Of the bisected offending commit:

commit e261f51f25b98c213e0b3d7f2109b117d714f69d
Author: Trond Myklebust <Trond.Myklebust@xxxxxxxxxx>
Date: Tue Dec 5 00:35:41 2006 -0500

NFS: Make nfs_updatepage() mark the page as dirty.

This will ensure that we can call set_page_writeback() from within
nfs_writepage(), which is always called with the page lock set.

Signed-off-by: Trond Myklebust <Trond.Myklebust@xxxxxxxxxx>


It seems to be this hunk which introduces the problem:


@@ -628,7 +667,6 @@ static struct nfs_page * nfs_update_request(struct nfs_open_context* ctx,
return ERR_PTR(error);
}
spin_unlock(&nfsi->req_lock);
- nfs_mark_request_dirty(new);
return new;
}
spin_unlock(&nfsi->req_lock);



If I add that function call back in... the problem disappears.

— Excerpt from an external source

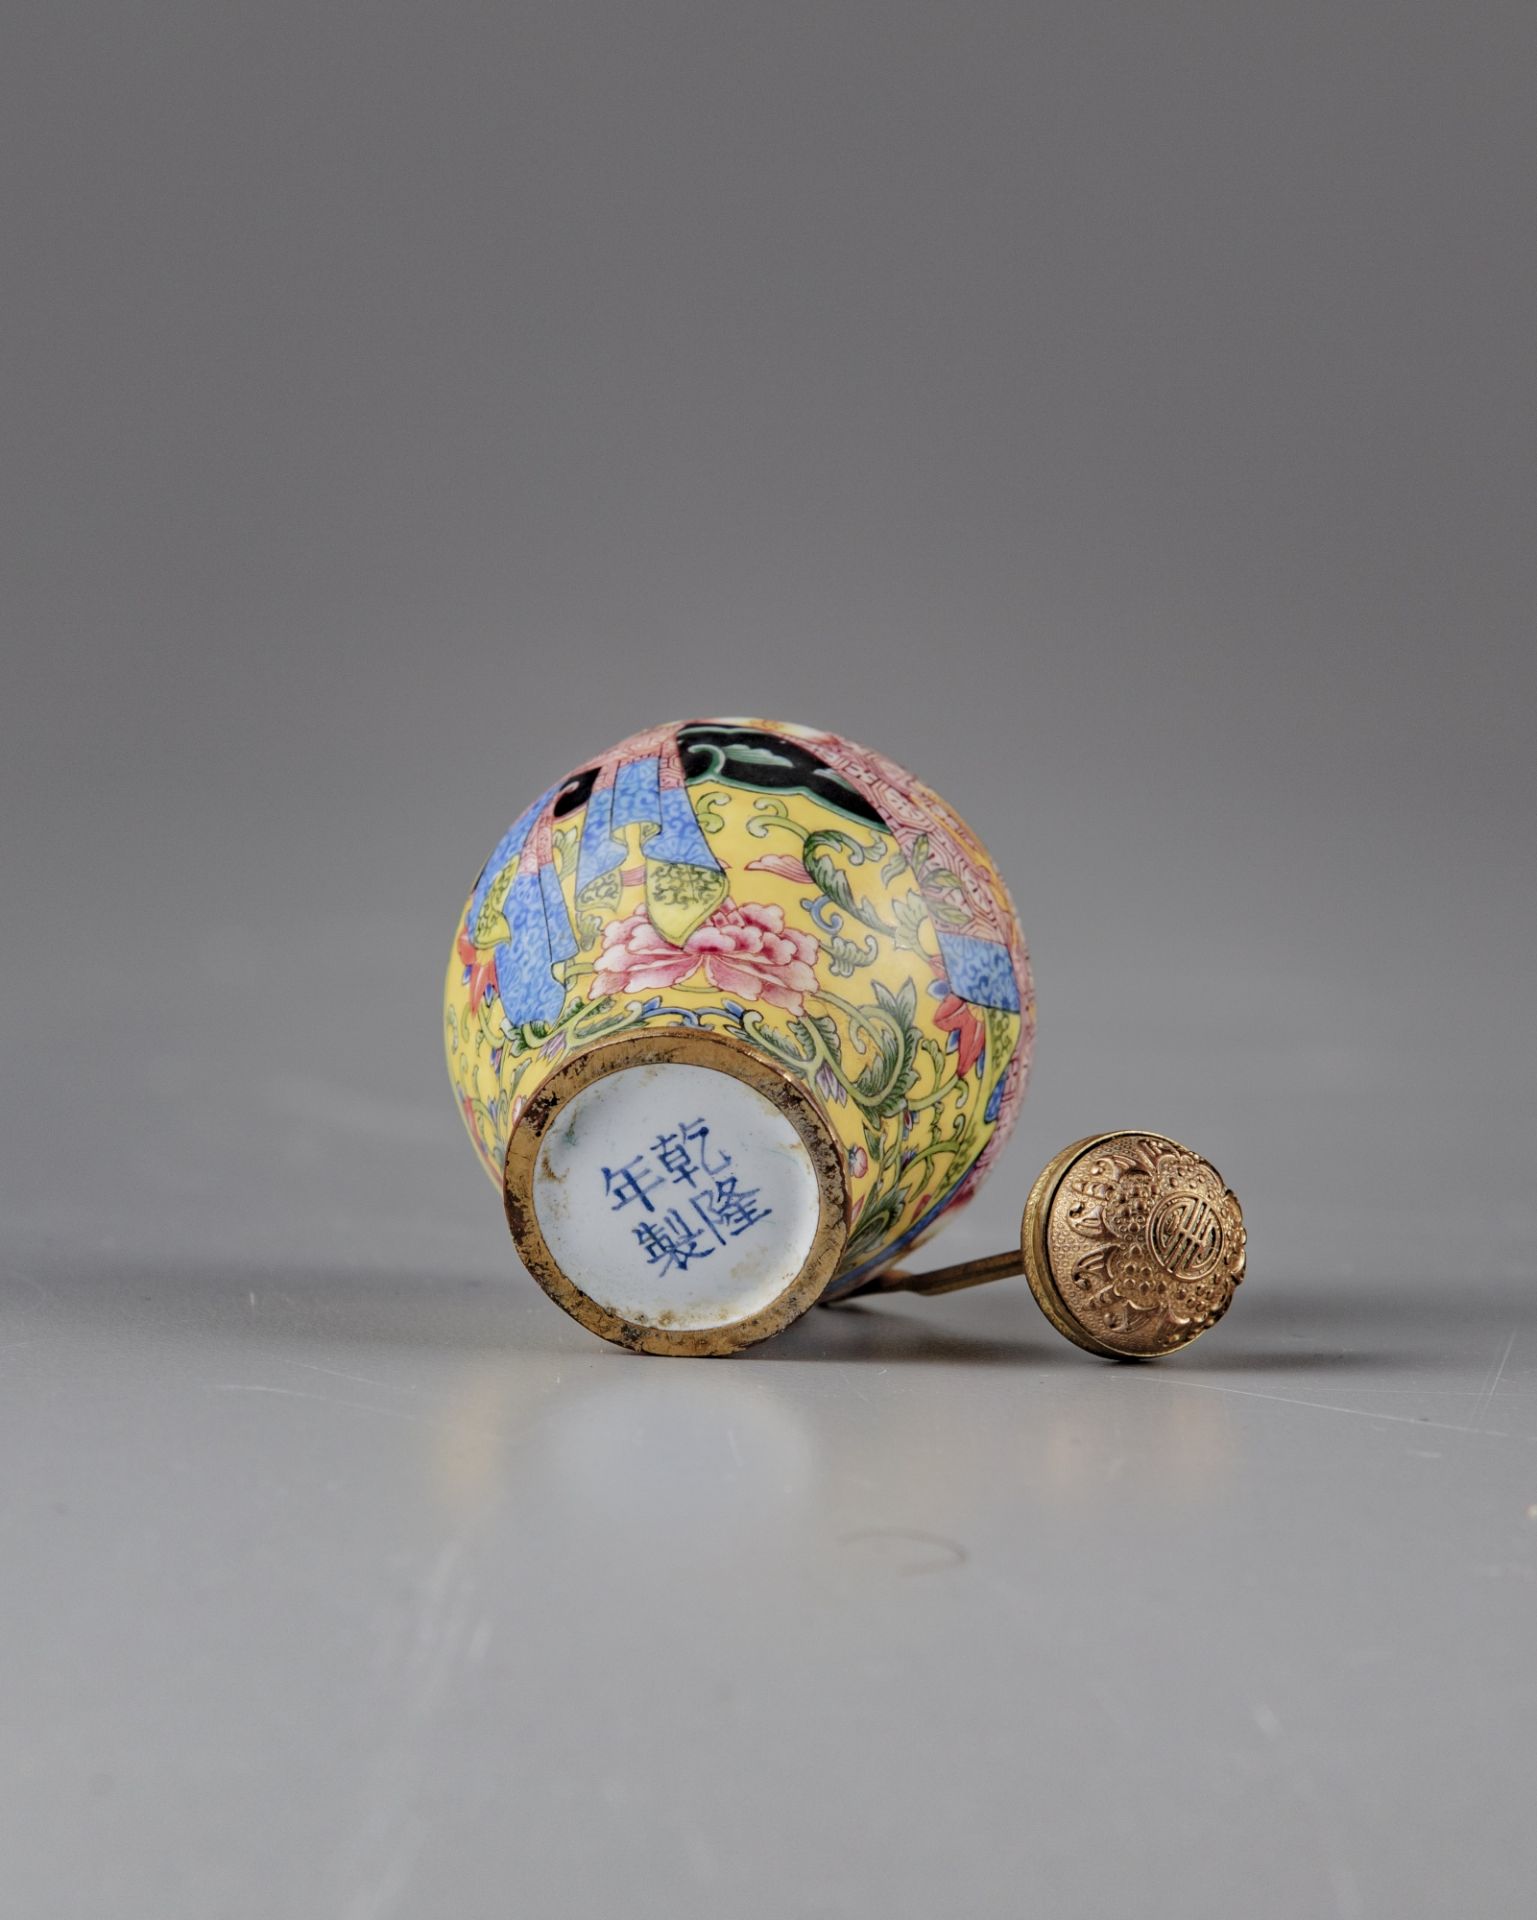 A small Chinese painted enamel trompe l'oeil snuff bottle - Image 3 of 4

I don't
know if this just papers over the real problem though?

It's possible that the NFS write path as it exists after this commit is not marking certain pages dirty at the same time as others. An asynchronous flush call from the VM would catch some of the dirty pages, then later, others, resulting in the pages flushing to the server out of order.

However, I poked around a little bit in late model kernels yesterday and found that the changes from Trond I referred to earlier are already in 2.6.27. These rework this area significantly, so reverting this hunk alone will be more difficult in recent kernels.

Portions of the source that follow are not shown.